Dominique Juhé-Beaulaton : Maïs et manioc des Afro-Brésiliens au Bénin méridional
Le maïs et le manioc sont les deux plantes alimentaires de base aujourd’hui au sud du Bénin, toutes deux d'origine américaine. Elles sont associées aux Afro-Brésiliens, identité plurielle/complexe qui combine les descendants des commerçants portugais venus pour la plupart du Brésil et d’esclaves de retour du Brésil en Afrique. Ils sont localement dénommés Agoudas du nom du fort portugais à Ouidah, São Jão-Batista de Ajuda et aujourd'hui encore l’introduction du maïs et du manioc leur est attribuée, alors que l'origine de certaines plantes cultivées, parfois devenues spontanées comme le goyavier, est complètement oubliée. Dans le contexte de la traite des esclaves, les Agoudas, en diffusant des savoirs et des pratiques liés à la préparation spécifique que nécessite le tubercule toxique du manioc avant sa consommation ont facilité son adoption et sa diffusion. Nous verrons que les noms locaux donnés au manioc et à ses préparations alimentaires reflètent non seulement ce transfert et la reconnaissance de cette identité "portugaise" mais aussi les inventions locales de préparations.
Enfin, sur le plan symbolique, ces deux plantes n'étaient pas utilisées dans les pratiques rituelles car les offrandes il y a encore quelques années devaient se composer de petit mil qui, n'étant plus cultivé, était acheté, alors qu'à présent, cette céréale a également été remplacée dans les offrandes alimentaires aux vodous par le maïs, ce qui montre que la temporalité du processus d'adoption d'une plante dans un système agricole est différente de celui de son intégration dans les systèmes de pensées. Cette dernière étape pourrait représenter une forme de reconnaissance de l'autochtonie accordée implicitement au maïs, pas encore au manioc selon mes dernières enquêtes.

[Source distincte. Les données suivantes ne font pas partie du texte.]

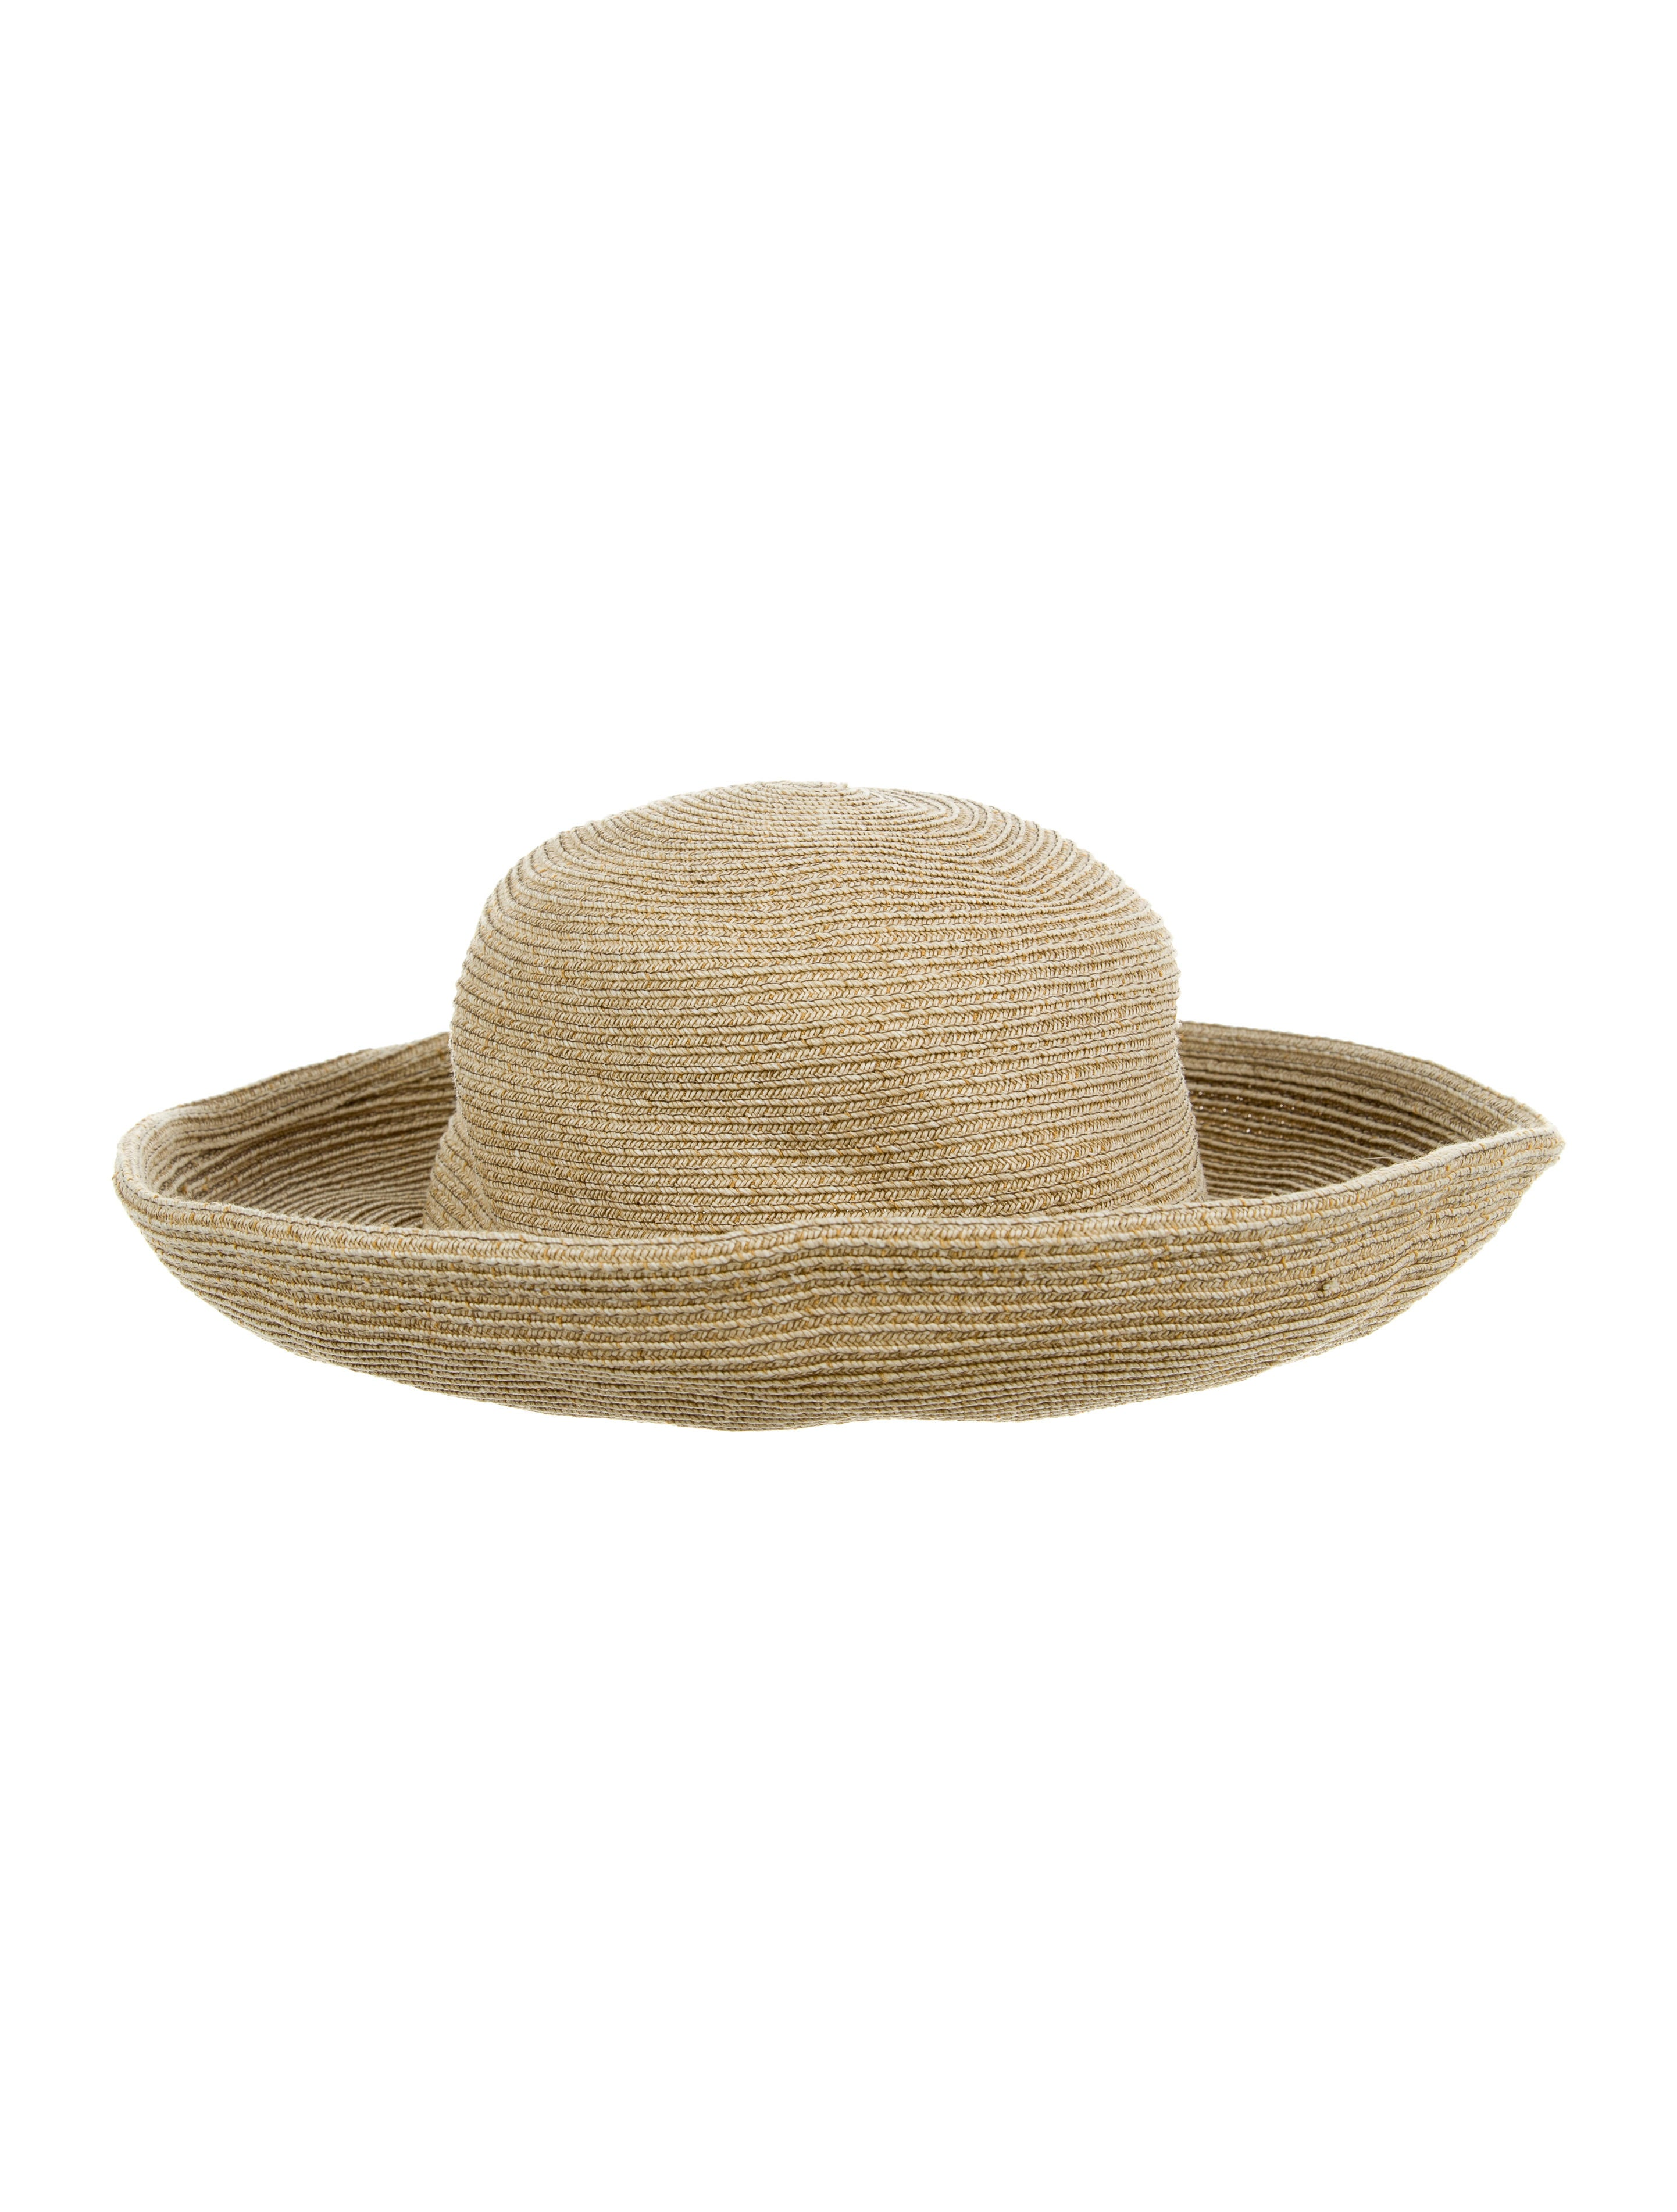 e9af31ea2cb Eric Javits Woven Wide Brim Hat - Accessories - WEJ20112
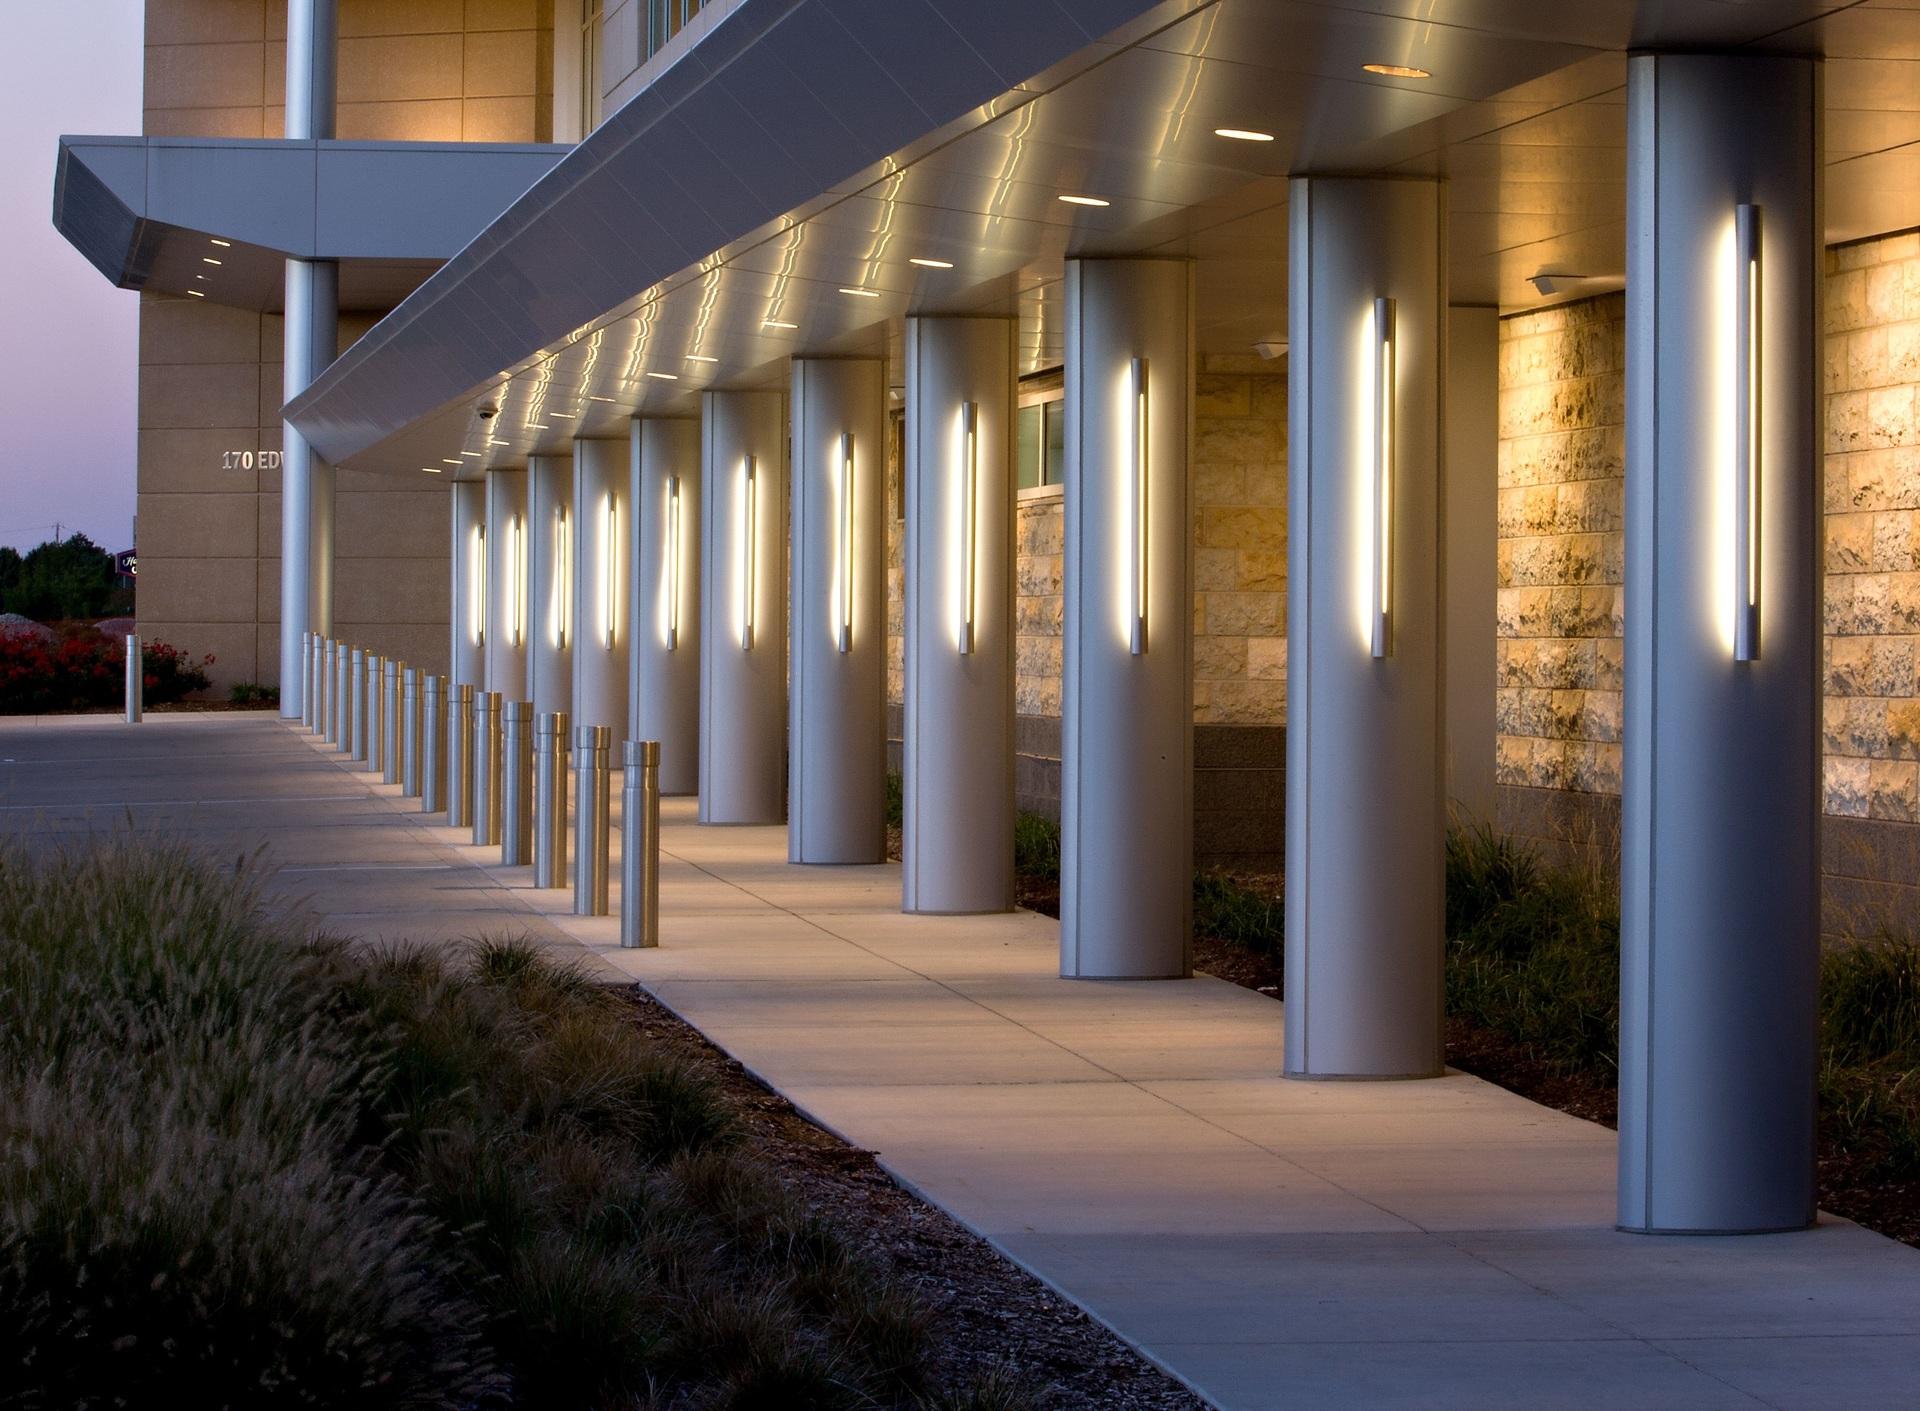 ocl architectural lighting armet

Samir Boumediene : Conquérir les plantes des autres
Cet exposé évoque l'histoire des premiers contacts entre Européens et Indiens au Nouveau Monde à travers les plantes médicinales. Si la quête des épices fut en effet au cœur de l'expansion ibérique au XVe siècle, les plantes que Colomb et ses successeurs observent en Amérique ne sont pas celles décrites par Pline, Marco Polo ou Dioscoride. Si nombres d'entre elles, notamment les purgatifs, les baumes ou les sudorifiques, ressemblent aux plantes de l'Ancien Monde ou peuvent leur être rapprochées, d'autres comme le tabac, le cacao, la coca ou le peyotl en diffèrent considérablement, par leur forme, leurs pouvoirs ou leurs usages. Ces exemples révèlent la coexistence de deux logiques dans la construction des altérités : l'une consiste à rapporter l'inconnu au connu, à comparer le nouveau à l'ancien et, ainsi, à gommer en partie l'altérité ; l'autre au contraire, consiste à rejeter, par méfiance ou par désintérêt, ce qui est trop différent ou ce qui semble dangereux. La coexistence de ces deux attitudes débouche sur de nombreux paradoxes dans lesquels se lit la tension interne à l'expansion européenne : que ce soit en rapportant le nouveau à l'ancien, ou en le disqualifiant en raison de son étrangeté, les Européens ont toutes les chances d'en méconnaître les potentialités et de limiter leur emprise, commerciale notamment, sur le Nouveau Monde. L'exposé montrera que ce n'est pas à travers de grandes réformes politiques mais par des gestes quotidiens d'appropriation, des interactions sociales concrètes, que cette tension s'est peu à peu résolue et qu'elle a débouché, dans la seconde moitié du XVIe siècle, sur un projet original : celui de conquérir le savoir médicinal des Indiens.